EXERCISE OBJECTIVE.
Reproduce the entries exactly and omit the pictures.

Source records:
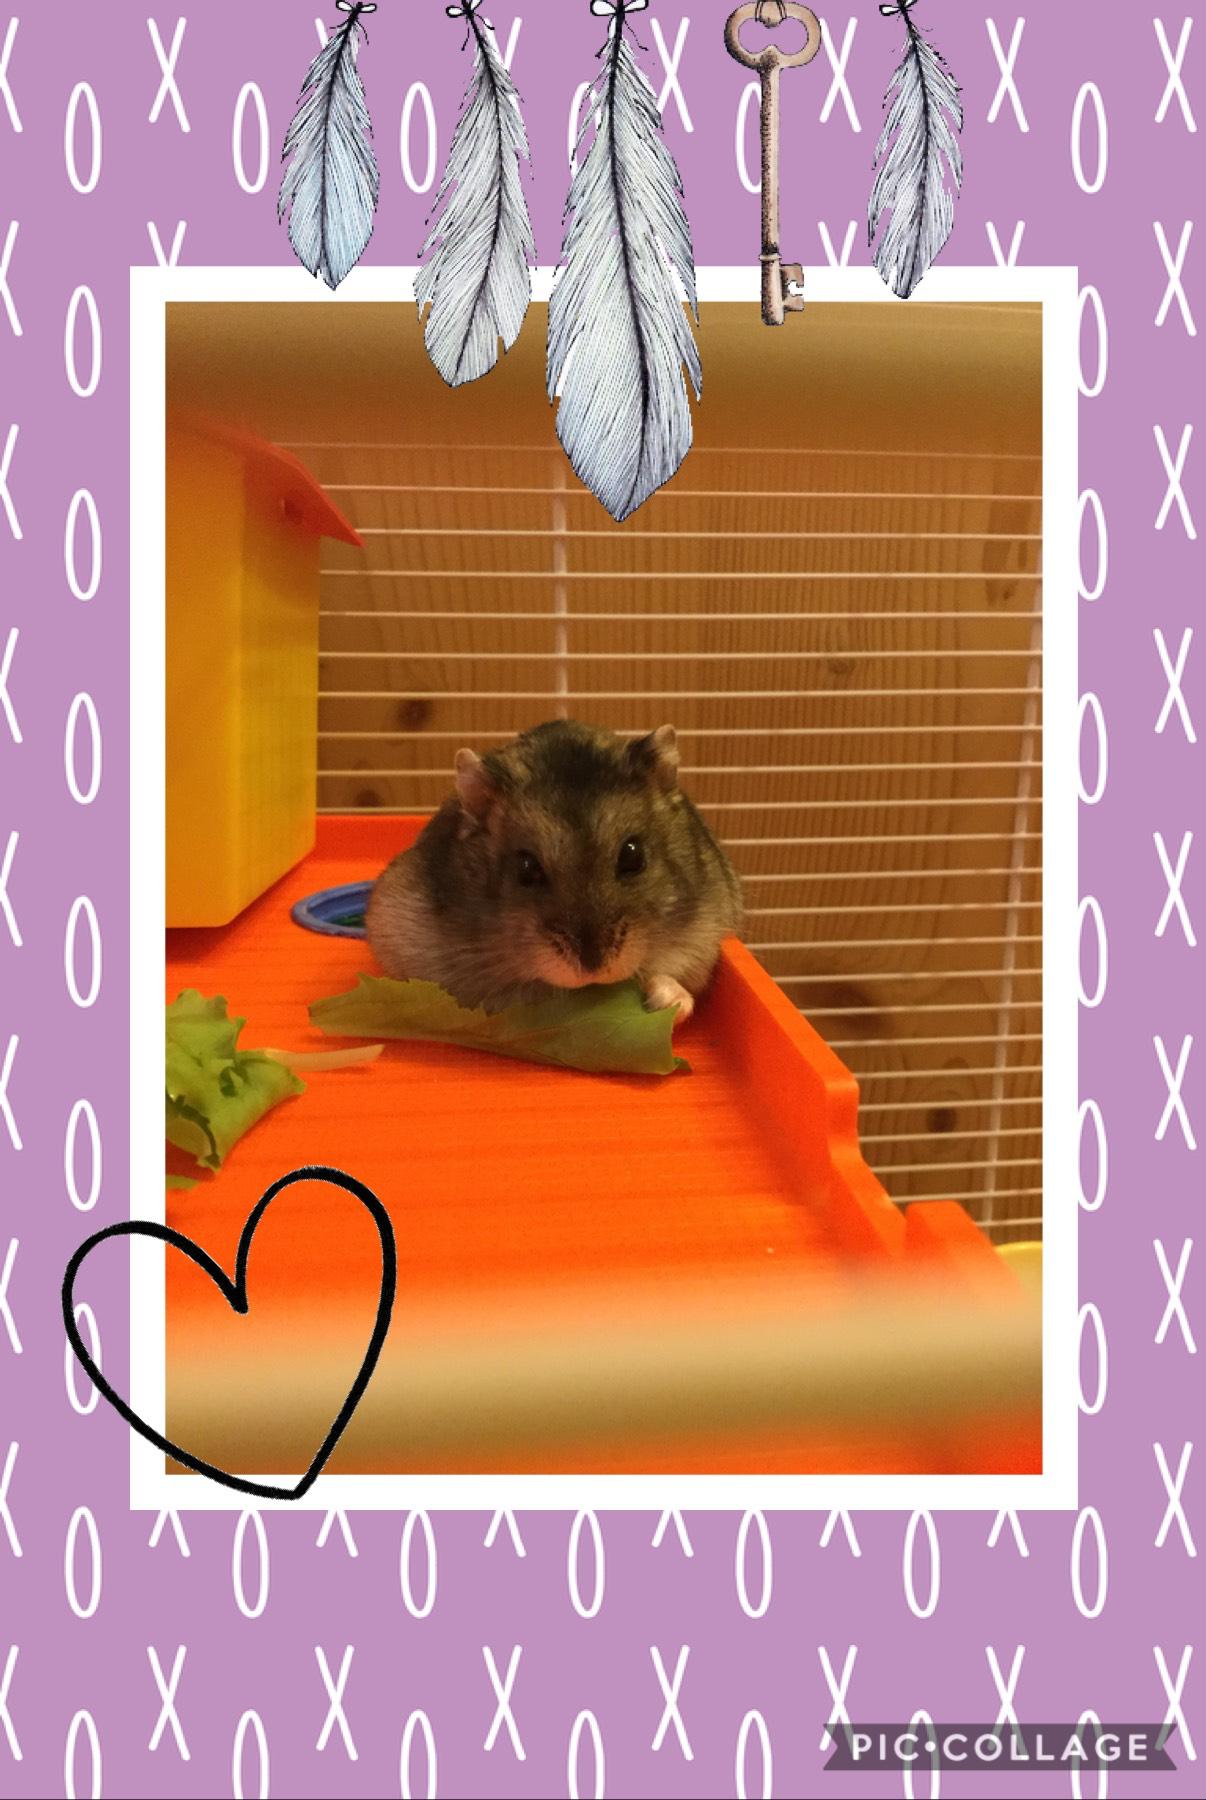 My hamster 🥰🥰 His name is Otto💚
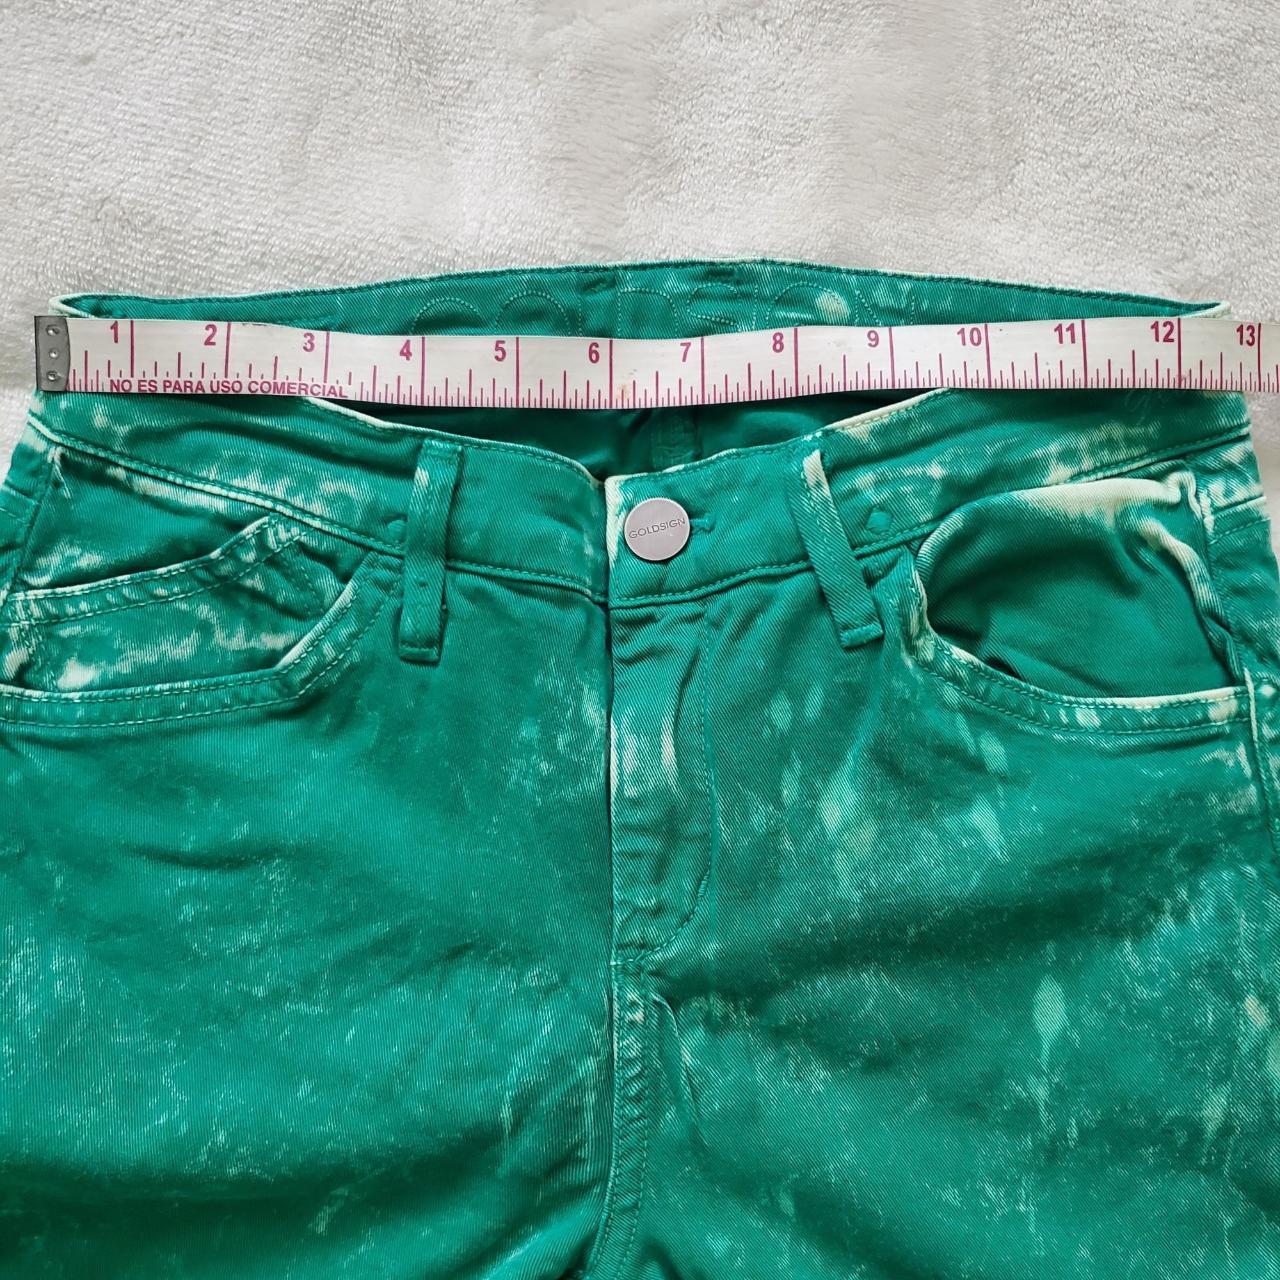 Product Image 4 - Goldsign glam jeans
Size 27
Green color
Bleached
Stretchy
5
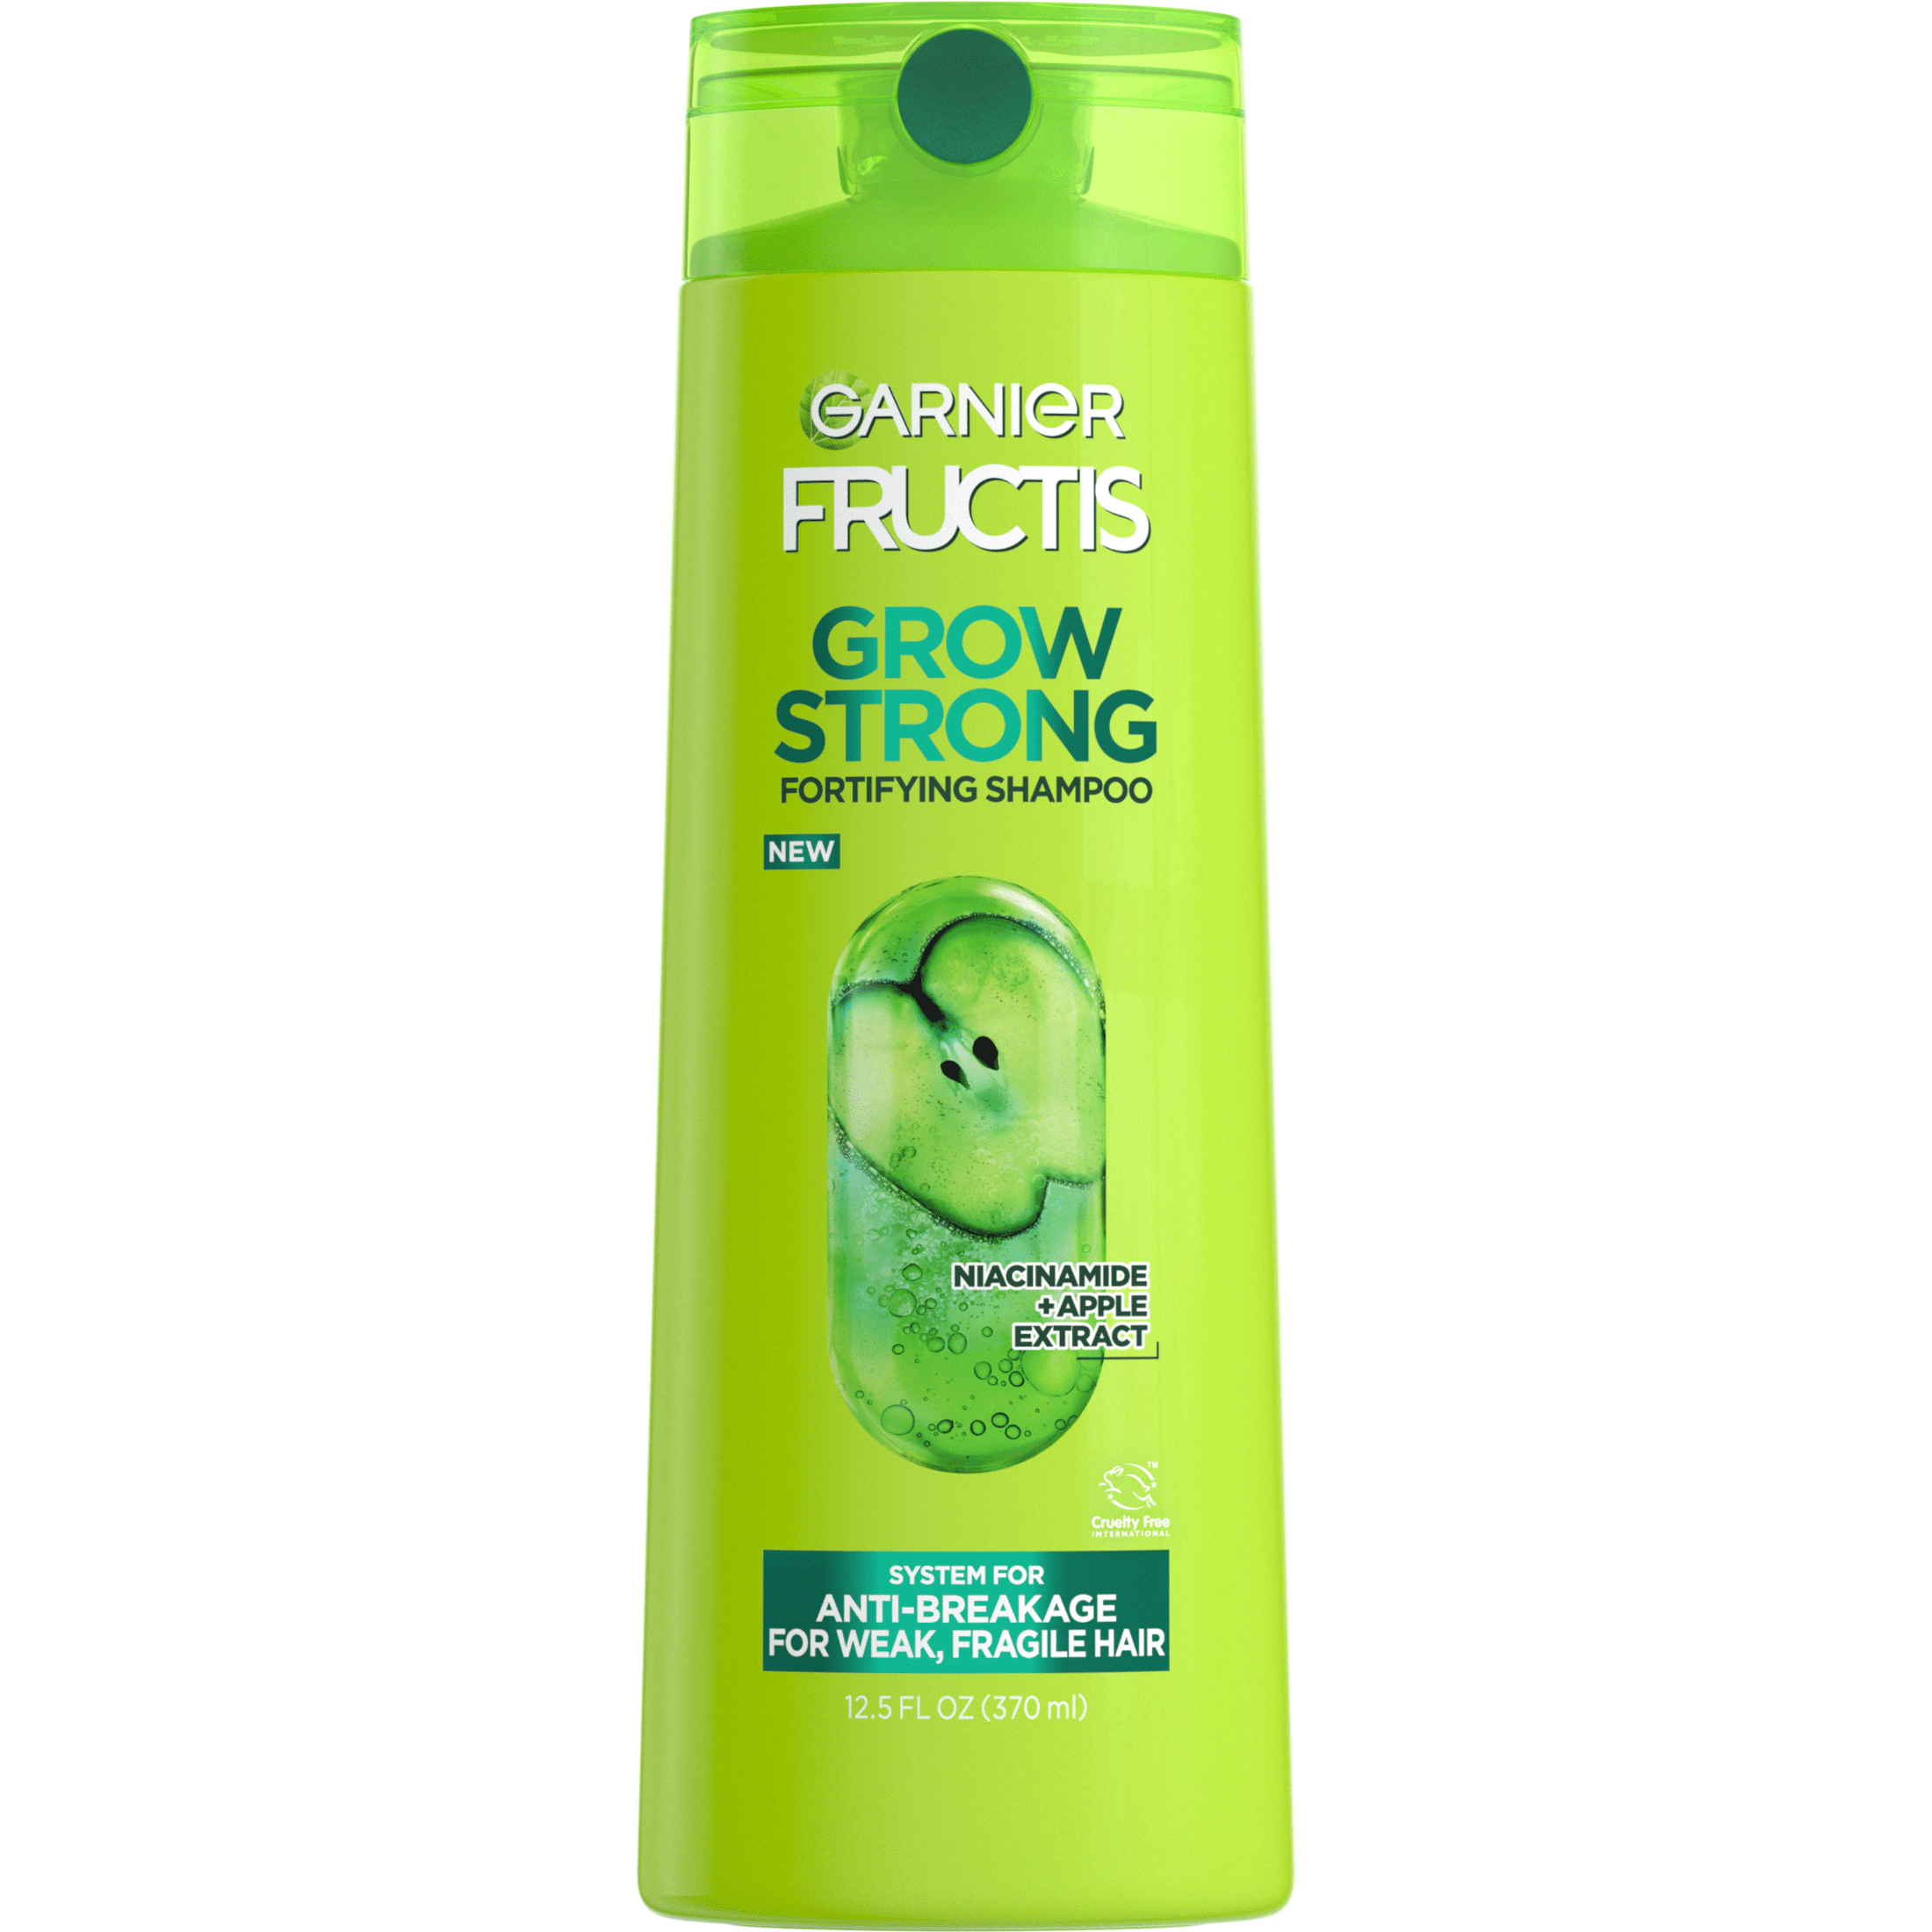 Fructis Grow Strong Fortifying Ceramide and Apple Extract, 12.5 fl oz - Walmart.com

TASK ANSWER.
 My hamster 🥰🥰 His name is Otto💚
 Product Image 4 - Goldsign glam jeans
Size 27
Green color
Bleached
Stretchy
5
 Fructis Grow Strong Fortifying Ceramide and Apple Extract, 12.5 fl oz - Walmart.com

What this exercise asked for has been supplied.